I’ve always tried really hard to fight against “technical stories”. These are supposedly user stories but which are really framed as a solution to a problem and really just technical tasks. In “Turning Technical Tasks Into User Stories” I looked at how it’s often possible to elevate these from an obvious solution to a problem back up to a problem which needs to be solved. At this point you may discover there are other, hopefully cheaper, solutions to the problem which have been missed in the original analysis either because things have changed or different people are doing the thinking.
On the flip-side there are occasionally times where, after having looked at a few related stories, it’s apparent that they all require the same underlying mechanism to work. One common solution to this is to bulk up the first story with the technical work and let the rest flow through as normal. This way you have no technical work on your backlog per-se as it’s all hidden in the stories.
Transparency
What I don’t like about this approach is that one story arbitrarily gets hit with a load of extra work, which, if you’re using historical data to stick a finger in the air for estimation of similar work later, skews the average somewhat. It also means that from a visibility perspective one story takes longer while the mechanism is being built.
One way I’ve found to address this has been to pull out the bare bones of the technical work into a “Hello, World!” story [1]. This story is framed around building the skeleton of the mechanism that will be used to drive the implementation of the subsequent features.

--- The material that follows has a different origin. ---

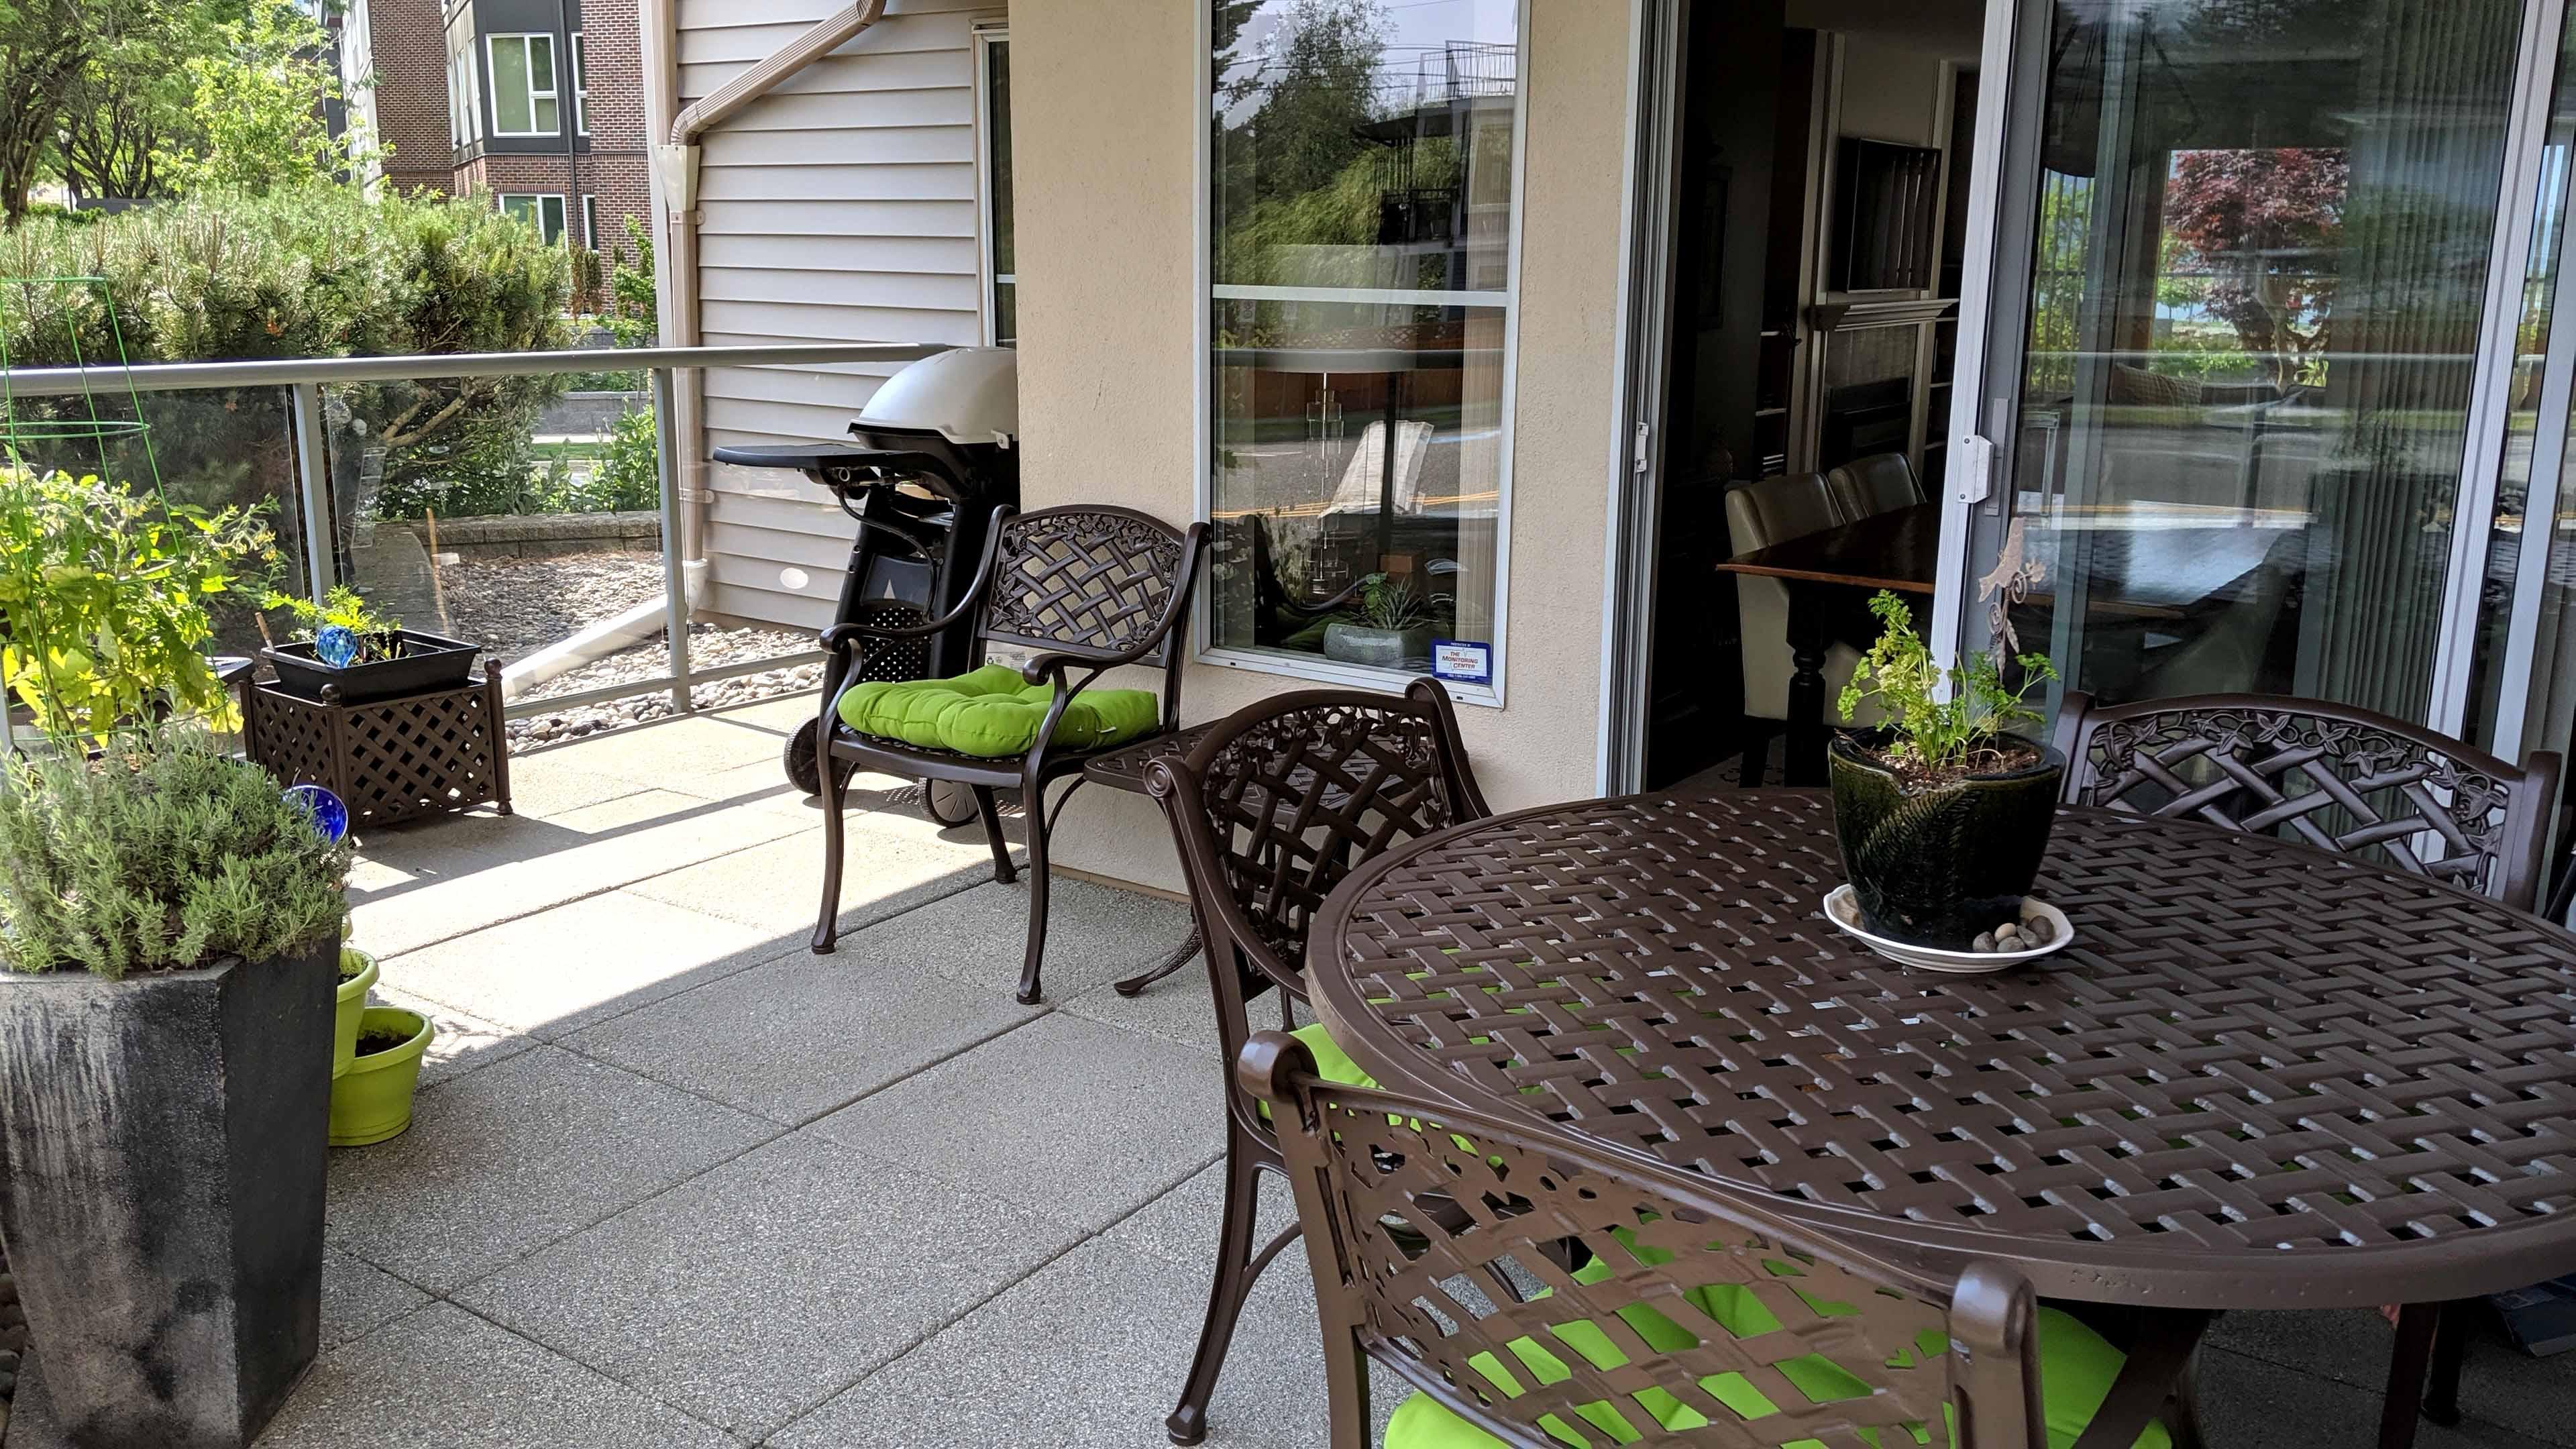 Powder coated patio set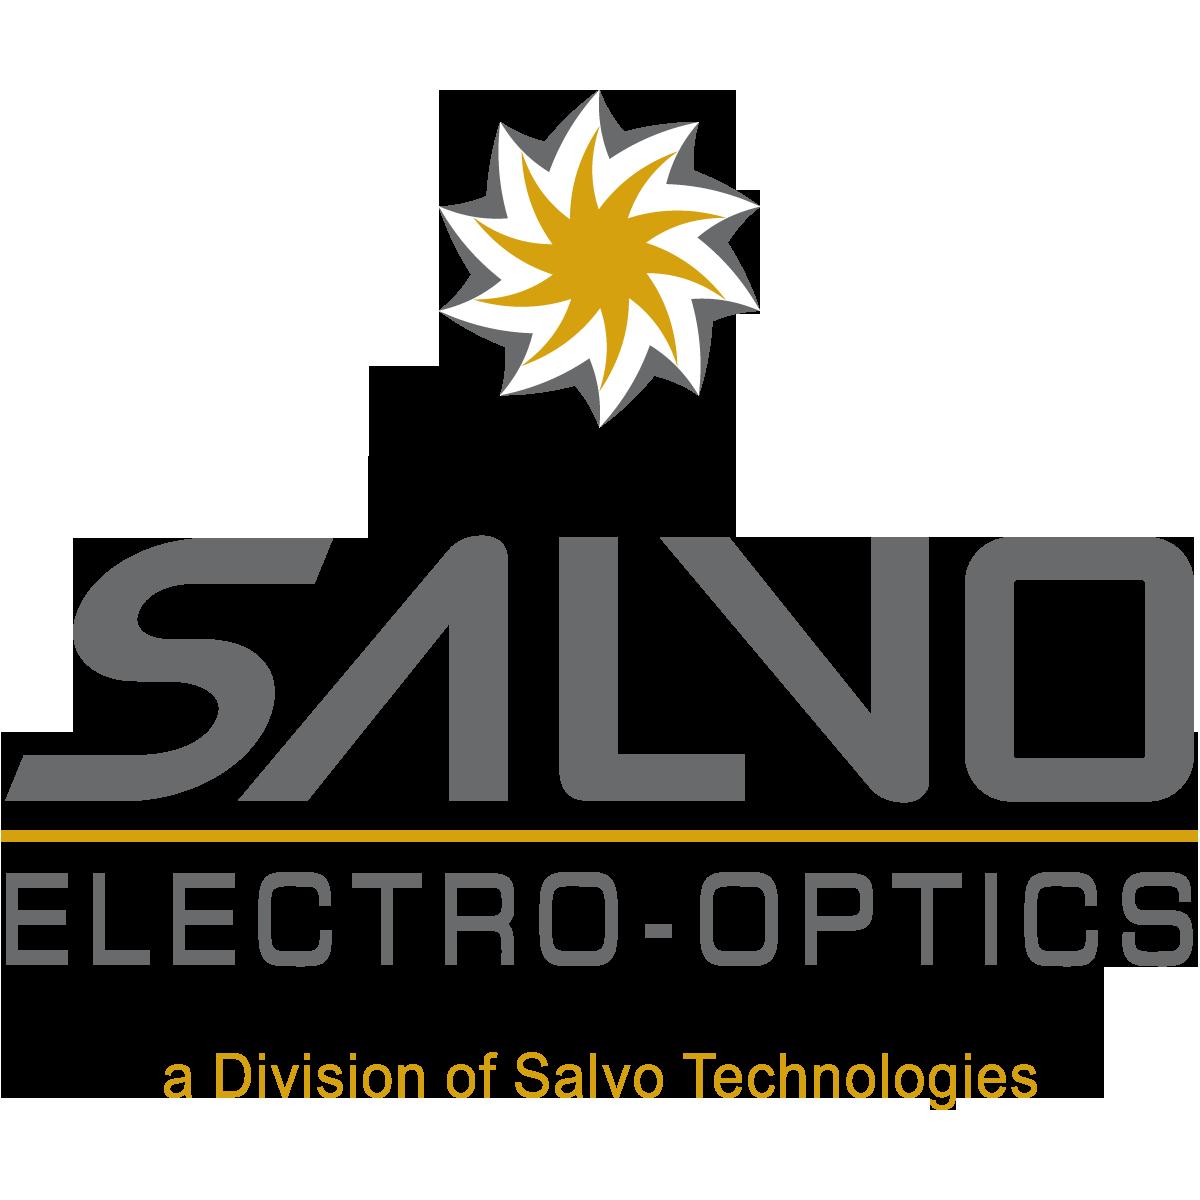 Salvo Electro-Optics

The aim is keep the scope minimal enough that we avoid speculating while still delivering something which stands on its own two feet and remains clearly visible on the board.
Value Proposition
While the value to the end-user is in the eventual feature, the value in the mechanism is proving to the development team that the basic approach seems sound. With the skeleton built, the idiosyncrasies around each individual feature can then be dealt with appropriately at the right time and accounted for in the usual way.
To be clear this is not about doing a spike or building a prototype, although that may have happened earlier to gain the knowledge needed to undertake this piece of work. No, here we’re talking about building the bare bones of a real mechanism along with the most basic feature possible.
The reason I’ve called these “Hello World” Stories is probably self-evident, it alludes to the classic program many have chosen as their first – to write “Hello, World!” to the console. In this context the name is intended to conjure up simplicity and remind us that what we’re doing is delivering the minimum required to make the platform viable. We probably won’t literally write “Hello, World!” to the console, but it may a log message instead that we can then observe and monitor, or be a message on a queue that we can see discarded. Essentially whatever we can do to make its effects observable without wasting any real effort or leaving it partially complete.
Based on the classic INVEST acronym we should strive to make every unit of work: Independent, Negotiable, Valuable, Estimable, Small and Testable. By splitting it out from one of the arbitrary features it becomes more independent, negotiable, estimable and small which can be useful should short-term priorities change. And by extending the scope from a pure mechanism just a little bit further to the most trivial feature possible we make it more testable from a technical perspective, even if not from a product viewpoint. Most importantly, however, is it valuable in its own right? I think sometimes splitting the mechanism out gives value by making the I,N,E,S and T more tangible. In particular breaking work down into smaller deliverable units is often the most valuable practice even if occasionally the end-user has nothing initially to show for it.
Ultimately, I guess, I can’t ever remember anyone complaining they had broken their work down into pieces that were so small they were too visible.
[1] I’m sure there is an argument about this not being a “story” per-se but just a “task”. However I prefer to call it a story because our “Hello, World!” realization should have a grounding in the real world, even if it is more abstract than what the end-user will eventually receive.
[2] There is an assumption here that we’ve already decided we cannot or do not want to solve the dependent features in different ways, probably because it would be far more costly (in the long run) than briefly delaying them by building a common pillar.